You know there’s probably something a bit quixotic about the crusade to warn of an eventual blowup in the high yield ETF space. I’ve been railing against those products for years – long before Heisenberg was Heisenberg.

The blowup of the short vol. ETPs reignited the debate and there’s certainly a sense in which the wipeout of the Seth Golden crowd seemed to presage something – although what that “something” is isn’t yet clear.

The obvious conclusion to draw is that to the extent damn near everything has become an expression of the increasingly ubiquitous short vol. trade, XIV and SVXY were just the tip of the proverbial iceberg. But that’s kind of an endless regression. I mean, don’t get me wrong, I’ve been predisposed to shrieking about things that represent “implicit” short vol. strategies, but the waterfall effect doesn’t affect all of those strategies equally and if you’re not careful, you can wind up in the crowd that spends their time penning short vol. manifestos that read like Revelations.

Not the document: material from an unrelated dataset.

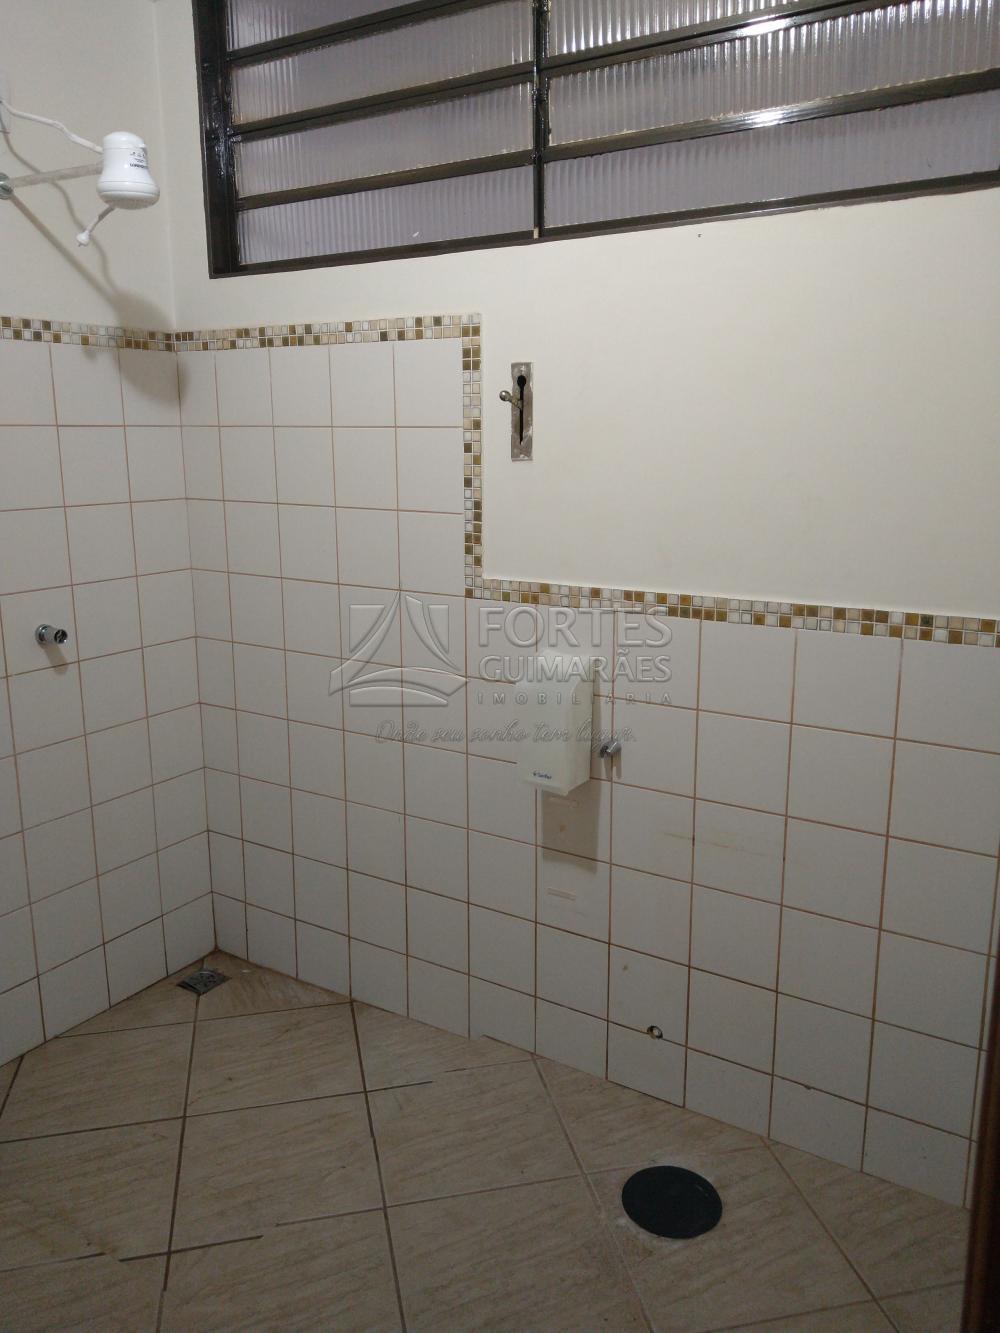 Alugar Comercial / Imóvel Comercial em Ribeirão Preto apenas R$ 12.000,00 - Foto 33

When I talk about the high yield ETF space, I generally focus on the underlying liquidity mismatch which, to me, looks incontrovertible. Howard Marks and Carl Icahn have variously maligned the same structural problem. I have yet to read a refutation of those criticisms that doesn’t essentially beg the question by positing some semblance of benign market conditions. You cannot promise intraday liquidity against a basket of relatively illiquid assets. It’s philosophically impossible. Obviously, it can work for a while (and theoretically indefinitely) by way of an intervening mechanism that allows participants to arb away disconnects. But if that arb relies on people not being in panic mode or being otherwise willing to catch falling knives, well then it stands to reason that in a pinch, the intervening mechanism that allows for the transformation of illiquid assets into ETF units with intraday liquidity will cease to function and at that point, the ETF is only as liquid as the assets it represents.